Farm & City seeks $2m working capital

Farm & City seeks $2m working capital
Published: 05 September 2017
Old time farmers in Zimbabwe have one or two experiences to share concerning Farm & City, one of the country's major agricultural and hardware retail companies.

That experience or testimonial will most likely touch on the seemingly two different Farm & City companies, one being the old organisation which dominated the agricultural chain versus a current under-capitalised and not so prominent Farm & City.

A wholly owned subsidiary of CFI Holdings, Farm & City was once the farmer's first and last point of reference. Born out the Farmers Co-op and carrying the wealth of experience amassed since 1908, Farm & City has seen better days.

To reclaim that lost glory, Farm & City is currently undergoing a major re-organisation process which includes increasing branch network, availing working capital from disposal of group assets excesses to requirements and re-engaging current and new suppliers for a consistent supply of products.

Currently, the company is battling a working capital gap of about $2 million but overall the company needs about $5 million worth of stock. CFI acting chief executive officer Timothy Nyika said the re-organisation is a "tough journey but achievable".

Mr Nyika said the company has been operating at very thin working capital levels and as a result the shops were not stocked enough to attract meaningful business. "As you are aware the Group has been in need of capital for a while and Farm & City is no exception.

"Opening of new outlets is driven by the opportunities as they arise from time to time focusing on high growth areas which are predominantly the farming regions. So far, five new shops have been opened and three were relocated to better sites," said Mr Nyika.

The re-organisation, within Farm & City, which began last year, also entails negotiation better trading terms with key suppliers with a view to achieve sustainable margins for the company, increasing branch network for a wider and effective coverage of our market and rationalising the cost of doing business to improve profitability per outlet.

"This is an ongoing process as the company continues to look for opportunities to enhance its business. "On our part, the task is to ensure we pay the commitments as they fall due to enhance supplier confidence on the company. Models keep evolving to ensure we are ahead of market expectations. The company has been opening new outlets which have been branded to give more visibility than the traditional old Farm & City stores," said Mr Nyika.

Mr Nyika said the Company is operating from 40 outlets and planning to reach 50 outlets in the near future while revenue is expected to grow in line with the increased branch network and activity.

Director Hamish Rudland recently said some of the branches are worn down but the infrastructure was there, solid and well built.

The shops need a redesign and this will be in the concept store. He said Farm & City has huge potential especially if Agrifoods, another group company, comes on line, because it is a huge outlet for stock-feed.

"We are looking at a diversified agricultural hardware outfit that can offer the customers good service, good diversity of products and a one stop shop for that, where they can get their veterinary, general hardware and their farming inputs. And we hope in future where they can sell their farming products," Mr Rudland said.

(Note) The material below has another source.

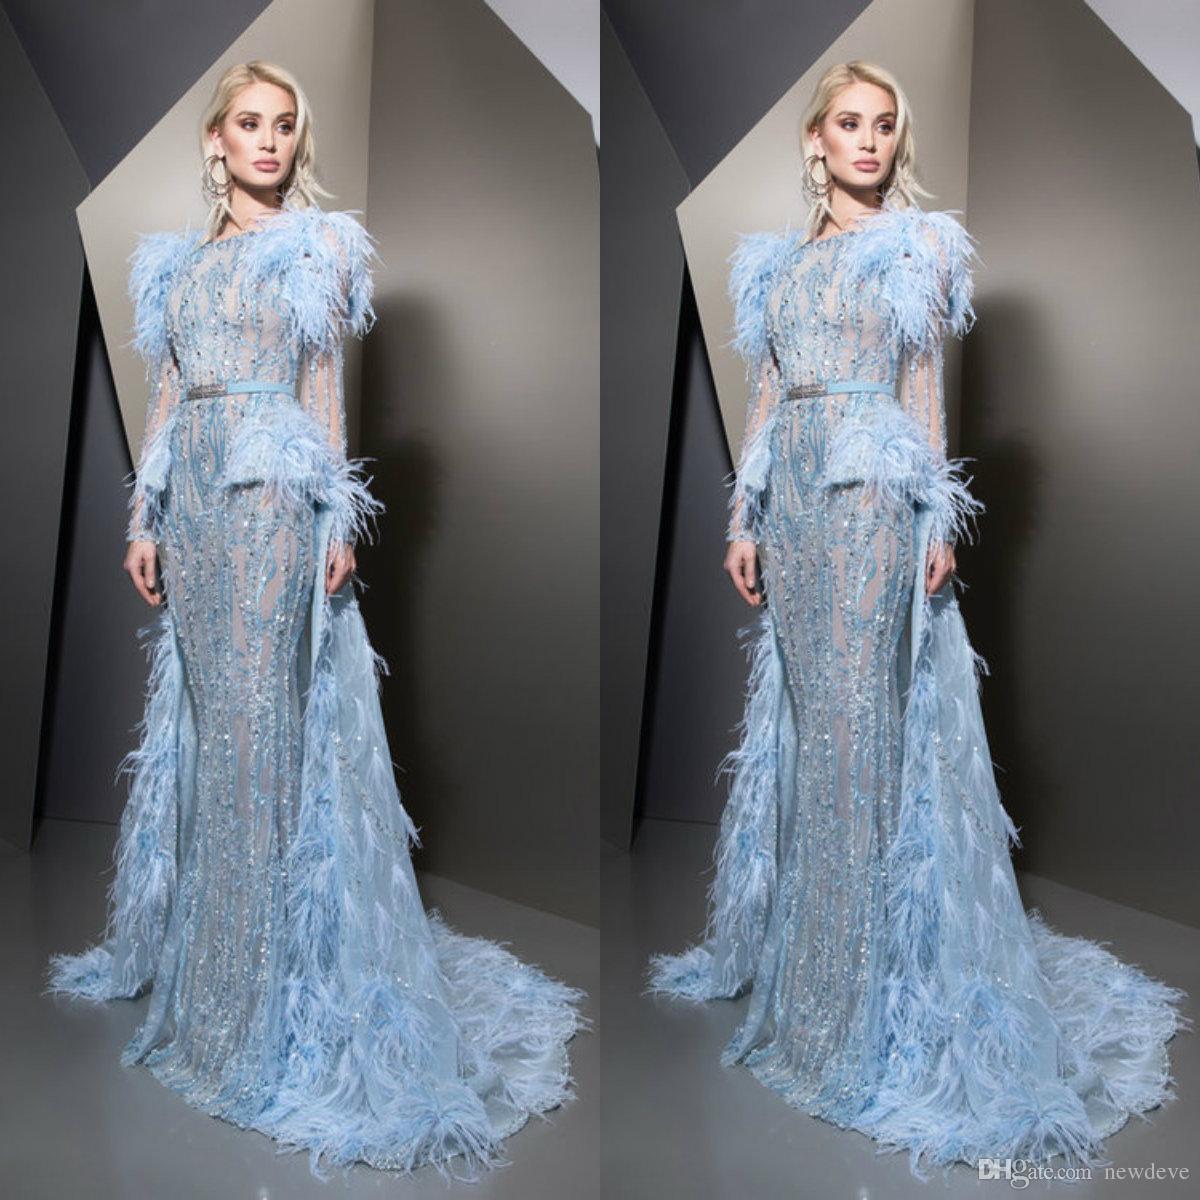 ملابس بنات عرض ازياء فستان سهرة صور فساتين سهره صور ملابس 2020 61

Opening of new stores, the refurbishments and the general re-organisation of Farm & City is all being financed from internally generated resources, from a rights issue to raise $12 million.

Farm & City Centre works closely with farmers' unions as well as non-governmental organisations in grain input schemes in partnership with agro-dealers for marginalised rural communities.

Product range includes, agro-inputs and implements, post-harvest grain storage units, building materials, crop and general chemicals, stock feeds, veterinary, general hardware and general tools.